So I'm switching projects. So I'm posting. New project starts tomorrow.
There's a lot going on so I'm going to divide this--and hope that the people who are still reading this get a cup and settle down this might be a very long post.
Adoption
I'm settling in for the wait. I am lucky that I have fabulous co-workers who are kind and act interested even if I am beginning to bore them. Ditto my friends. My family, on the other hand are well, interesting.
First let me take my mom. My mom has surprised me. She's almost 79 years old and she's used to things being a certain way. She's getting accustomed to factoring in the probablility that there will be a small Asian child demanding food, shelter, and a college education and calling me mom. She wants to come with us, and quite frankly I want my mommy. But she also wants to be able to hold the baby--and well DUH. I worry about attachment--but I want attachment on both sides.
Yes, I said both sides. Rumor Queen has an excellent post up today about "The Not So Rosy" part of adoption. I might not love her immediately. I'm allowing that to be true. I will delete the first comment that says that disqualifies me for adoption--I'm being realistic. I didn't have love at first sight with my husband who I love so very much.
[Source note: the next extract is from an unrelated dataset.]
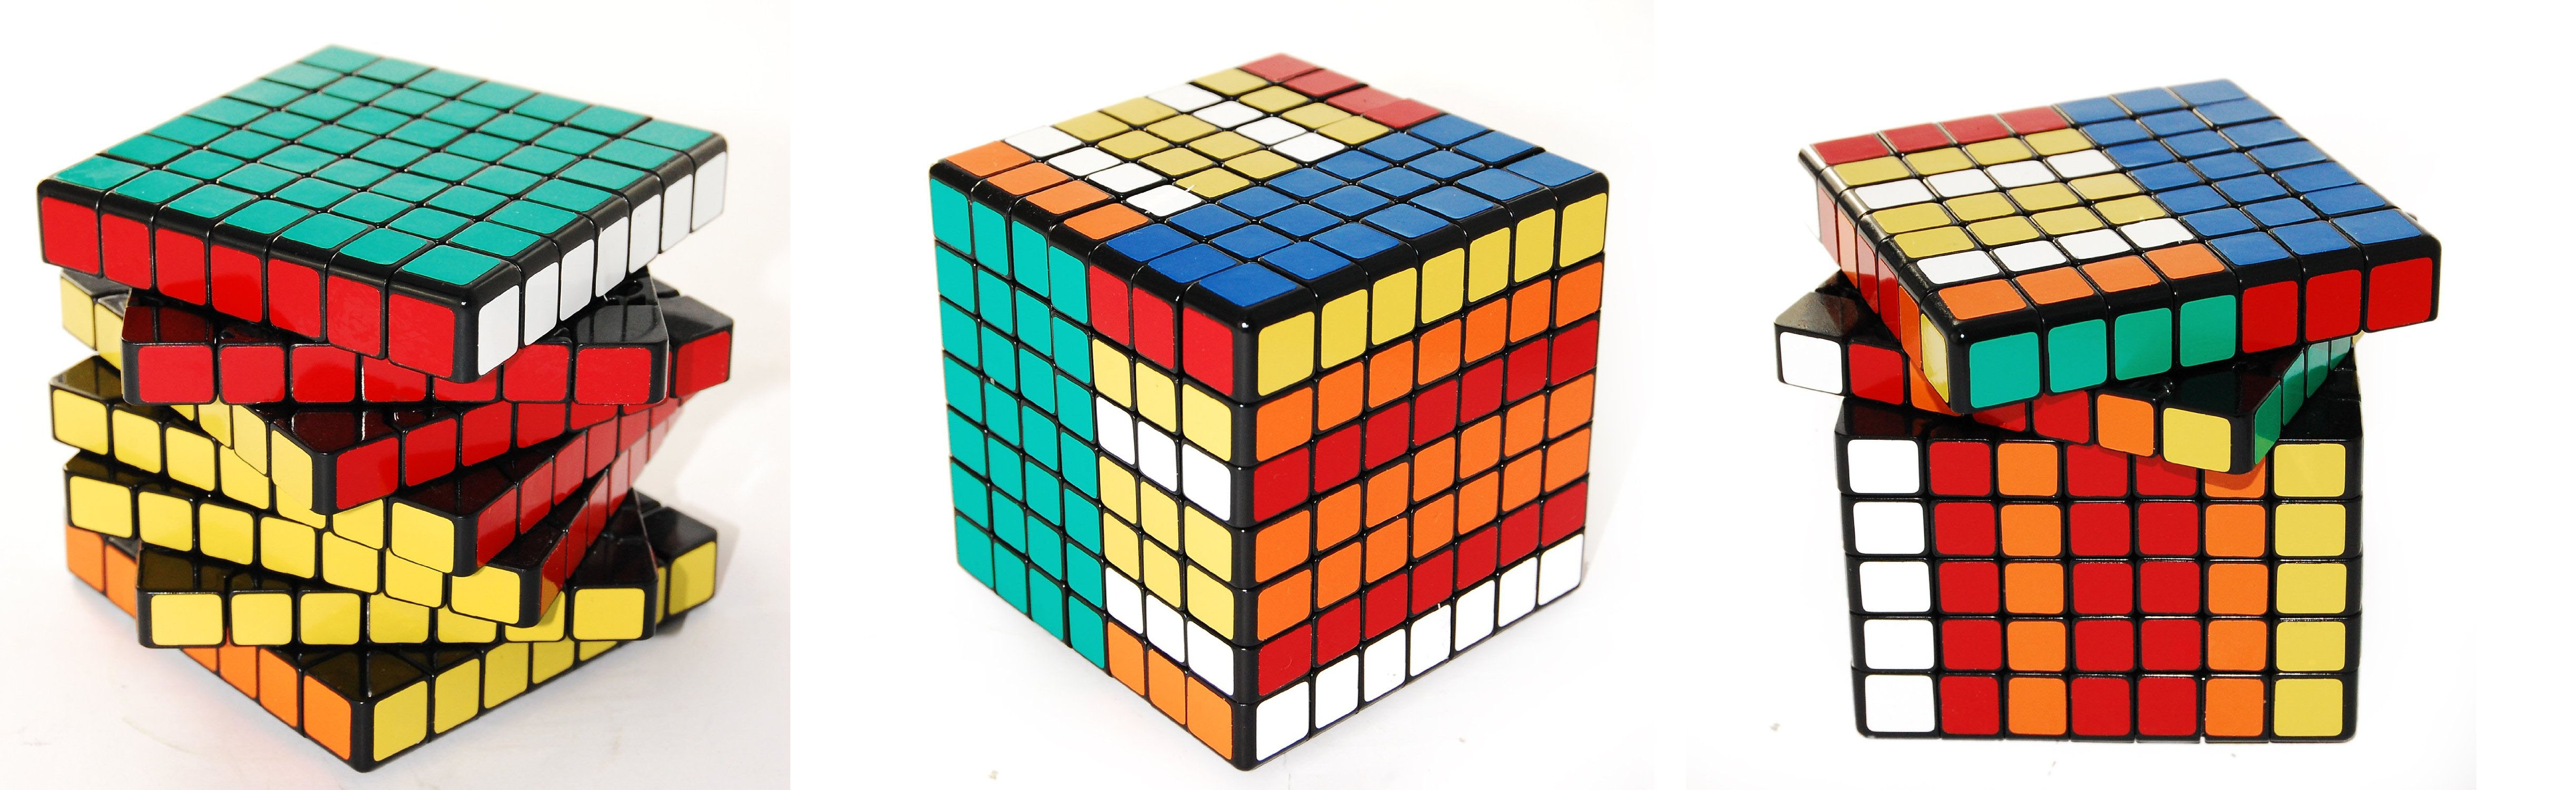 7X7 Rubik's Cube Type Puzzles

A lot of friends who gave birth to their kids didn't have love at first sight--why am I setting myself up to something better. If it happens, great. If not, I have the rest of my life to fall in love with my child--I'll settle for the beginning for keeping her healthy and out of danger.
But here's the thing, my mom (parents actually) will be babysitting. Please God, my parents will still be alive and as healthy as they are now, but they will have also crossed over into their 80s. Quite frankly, I don't know how long I'm going to have them. One thing I know, I'm not going to let the time that they have with their new granddaughter (or son) be made bad by giving them the rule book. D and I are the only ones to change and feed her, but I can't say to my parents, "No, I won't let you hold her" (If she'll go to them) Because, I might deprive her, my parents, and myself of something wonderful.
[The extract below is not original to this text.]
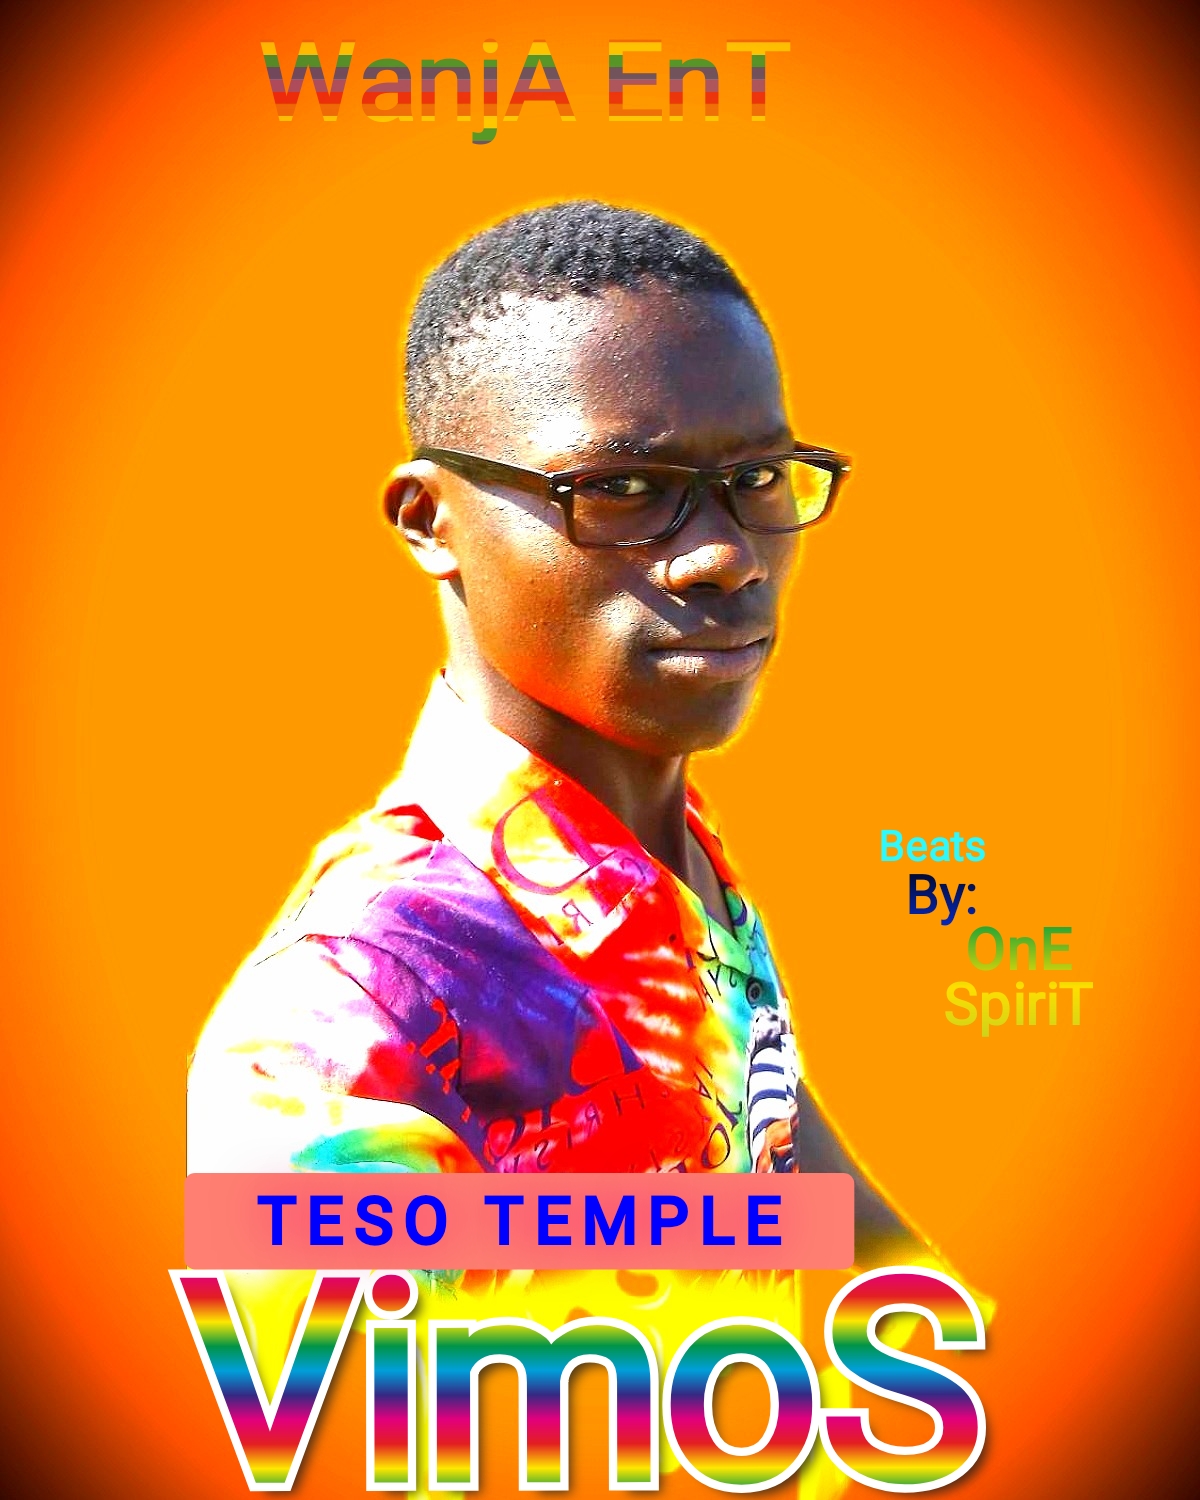 Teso temple

I plan to do a lot for my daughter. I plan to do a lot to foster healthy attachment. I want to give her some measure of control, and I think I'm being realistic that not all will be rosy. Here's the thing though, I'm still the mommy. I'm still the one who will pull her away from the electric outlets and grab her hands VERY firmly when she grabs for D's insulin. I will say "NO" loudly, and she will cry, and inside I will cry too.
I do not expect her to reach for me with open arms and say "Finally"!
I do expect a hug from her before her third birthday.
I do not expect everything to be "better" once I have my child.
I do expect some things to be better, other things to be different, and I expect to miss sleep.
I do not expect her to be waiting for me the way I am waiting for her.
I do expect that at some point, she will move on from her grieving spot.
I will be her parent. That means I have to decide. Some of my decisions will be right. A lot of them will be wrong. When it comes to a great deal of adoptee stuff I'll bow to my D, who is still coming to terms with what it means to be an adoptee.
But I know I will love her, and protect her, and fight with her, and find fun things to do with her, because I know I will love her.
you are gonna be a great mom!
Posted by: hallow | November 14, 2006 at 08:35 PM
I think you are really being realistic.
I am freaking out about the holding as well but the reality is that we will have to allow our families to hold them but feeding, bathing and changing, NOPE.
You will be a wonderful mom and I hope your parents get to enjoy their granddaughter to the fullest!